* DATASET CONTENT *
******
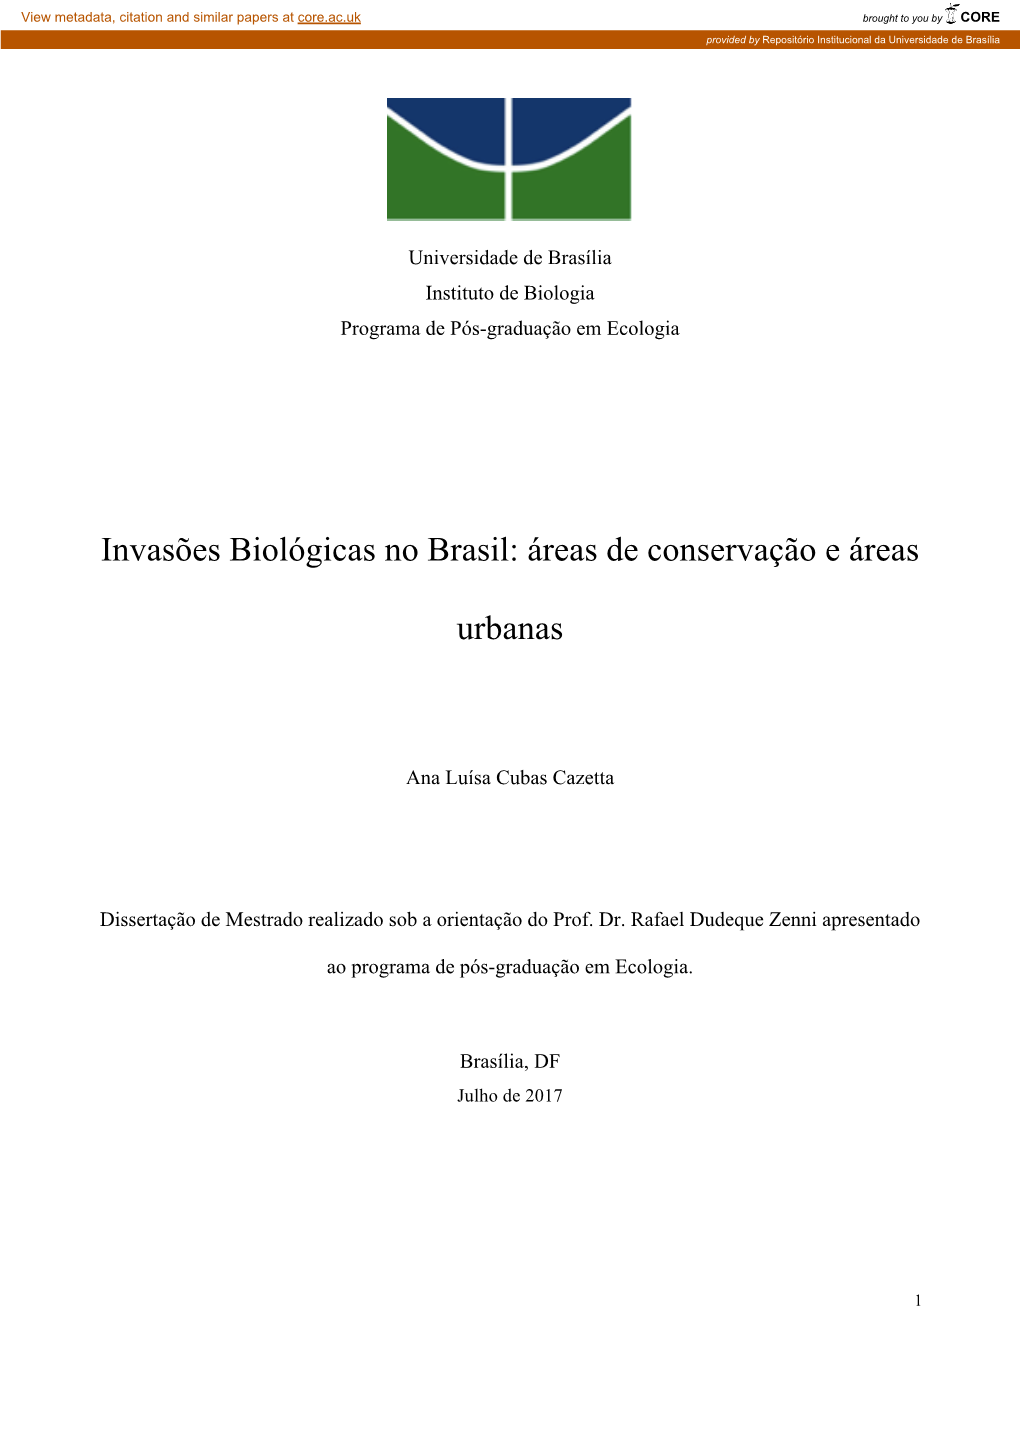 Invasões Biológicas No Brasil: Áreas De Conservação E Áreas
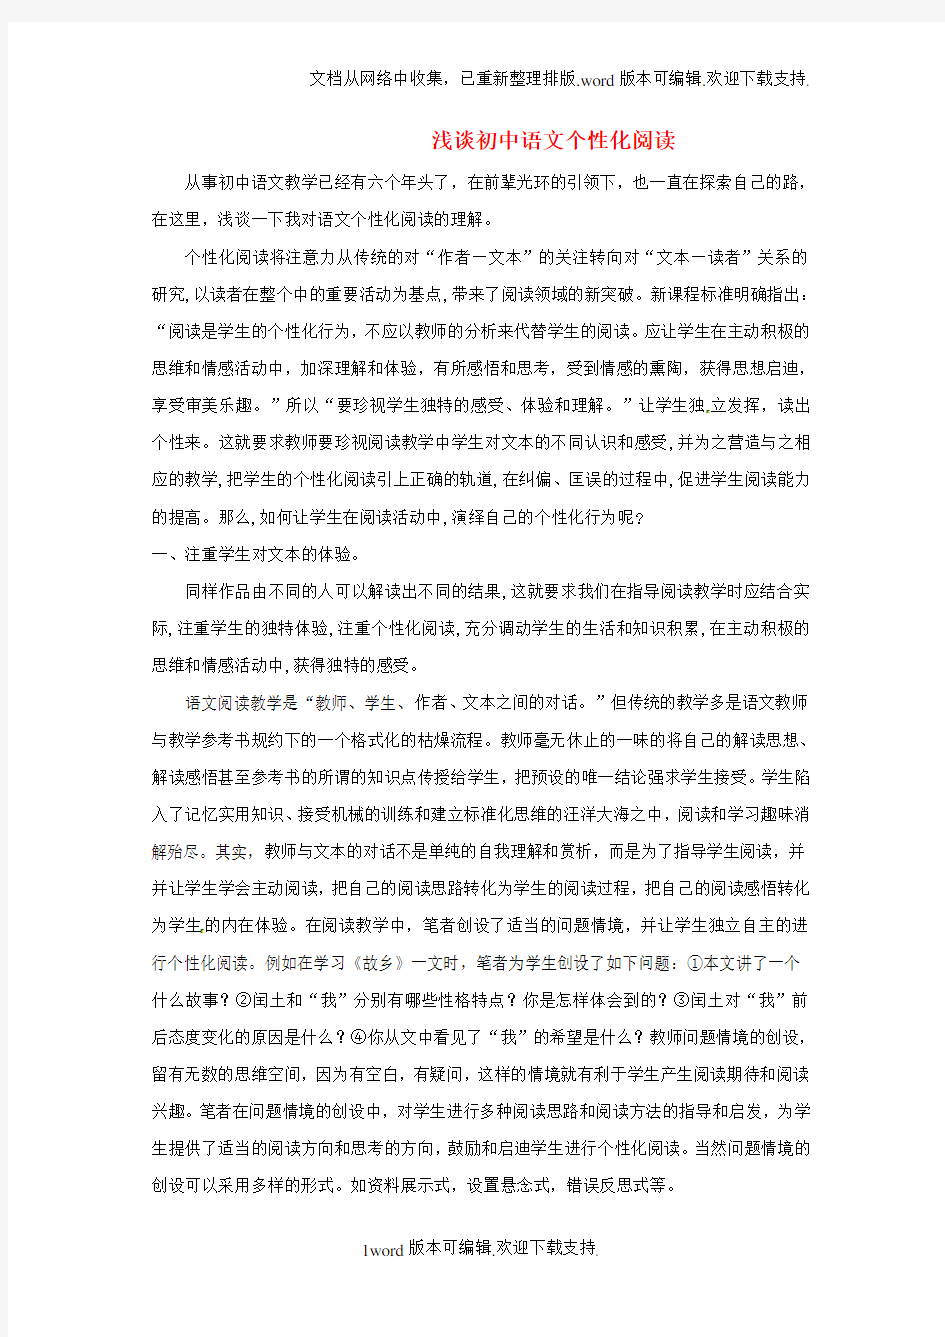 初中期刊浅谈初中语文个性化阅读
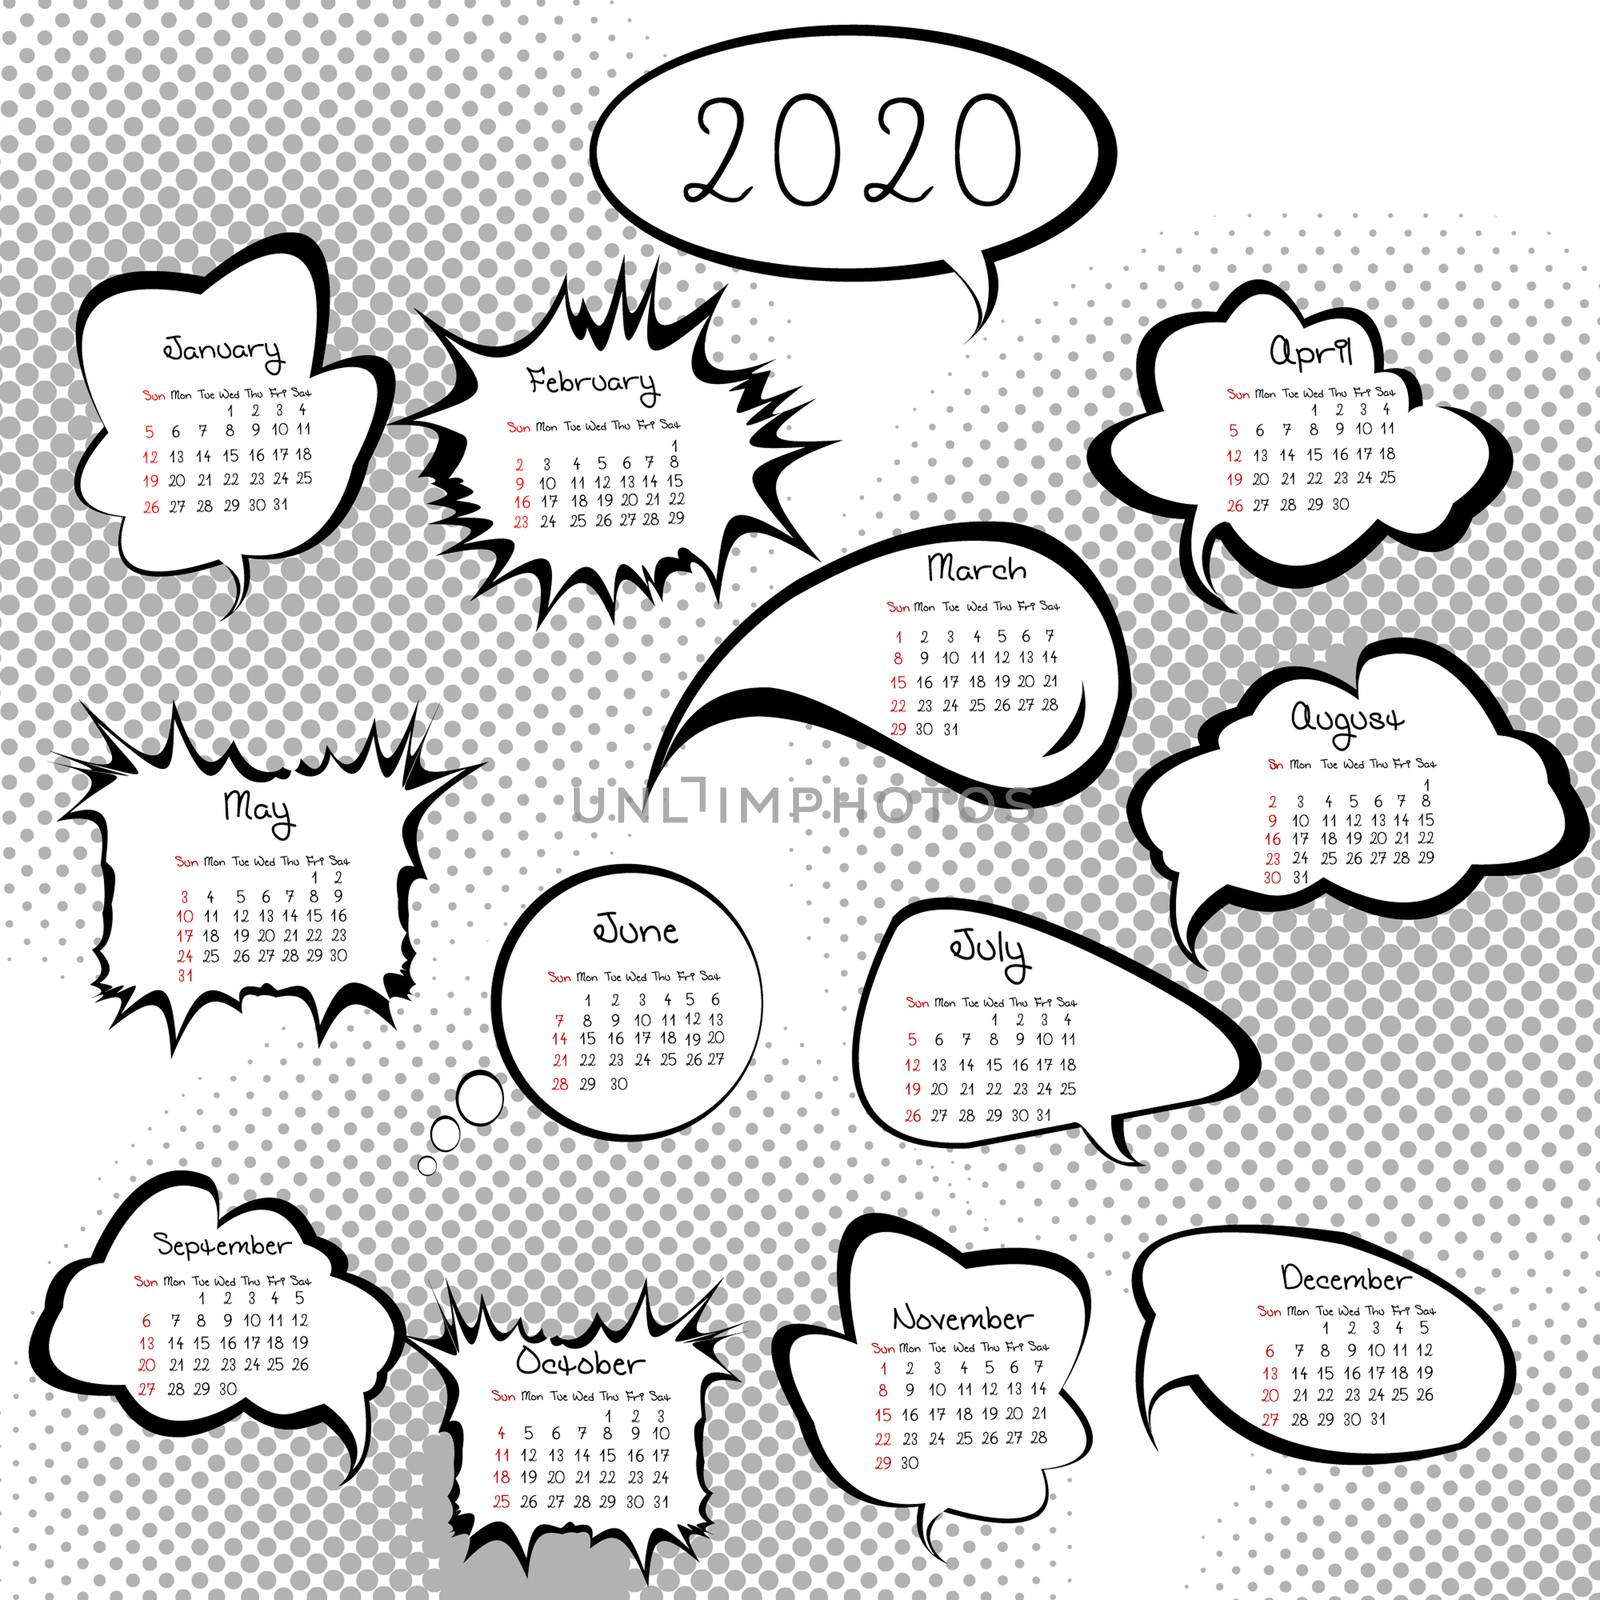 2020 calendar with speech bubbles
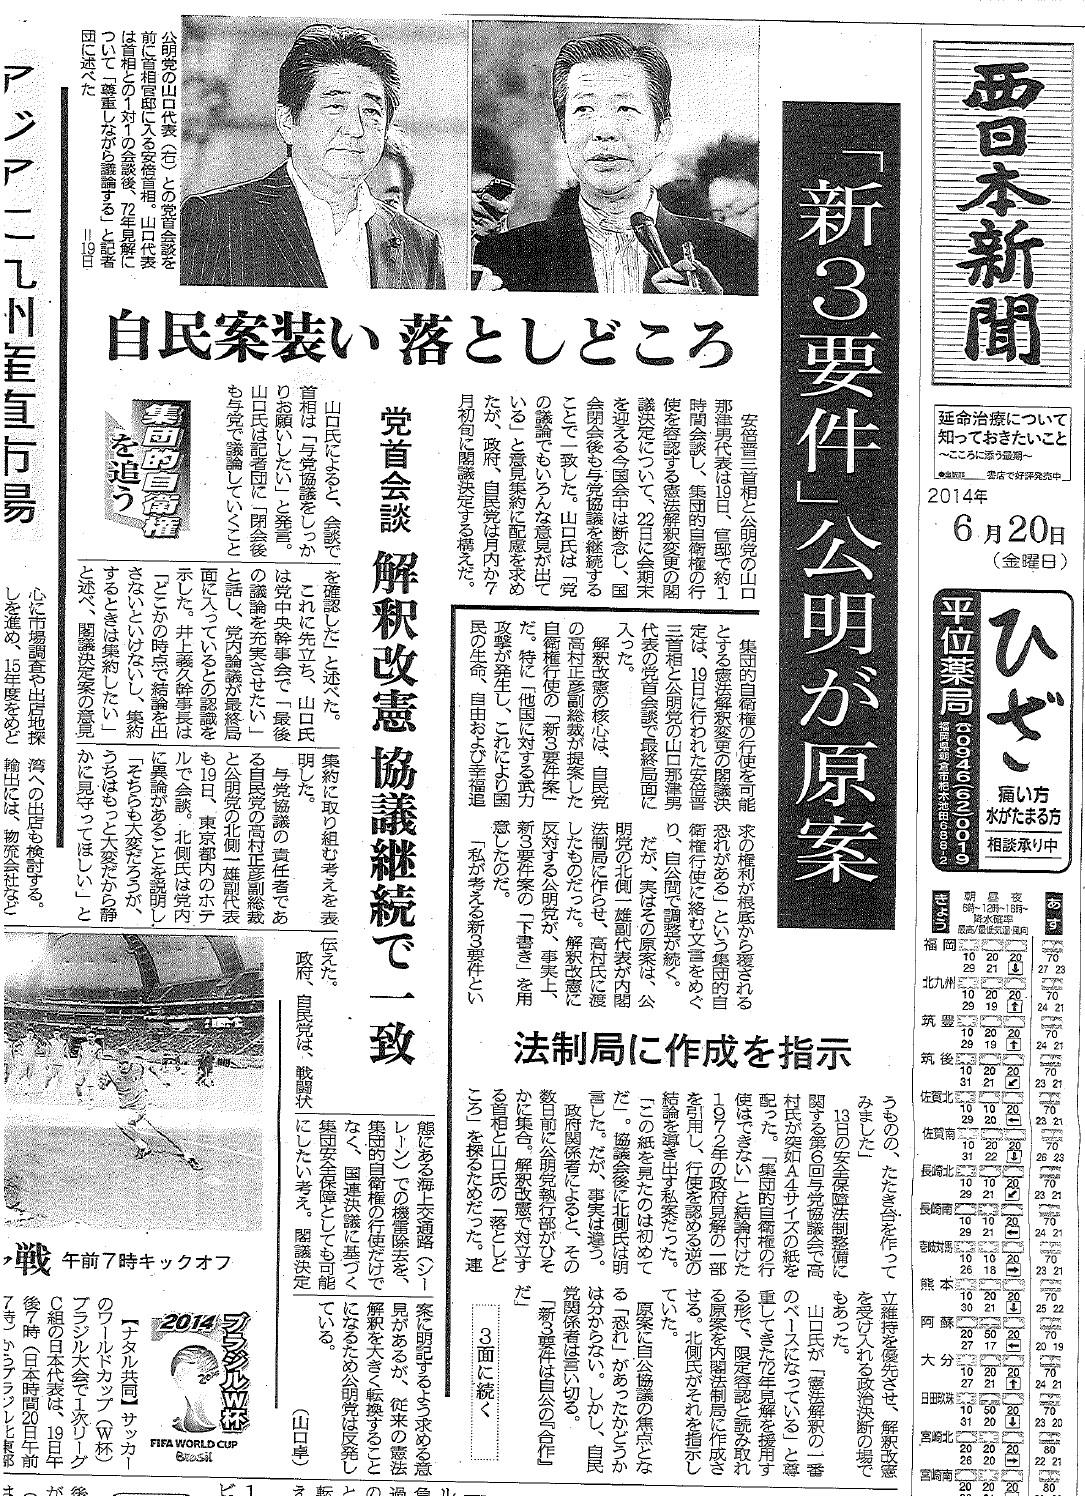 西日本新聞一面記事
******
* PROMPT *
Transcribe exactly the span of lines from the line holding "初中期刊浅谈初中语文个性化阅读" through the last line above, both included. Pictures stay out.

* YOUR RESPONSE *
 初中期刊浅谈初中语文个性化阅读
 2020 calendar with speech bubbles
 西日本新聞一面記事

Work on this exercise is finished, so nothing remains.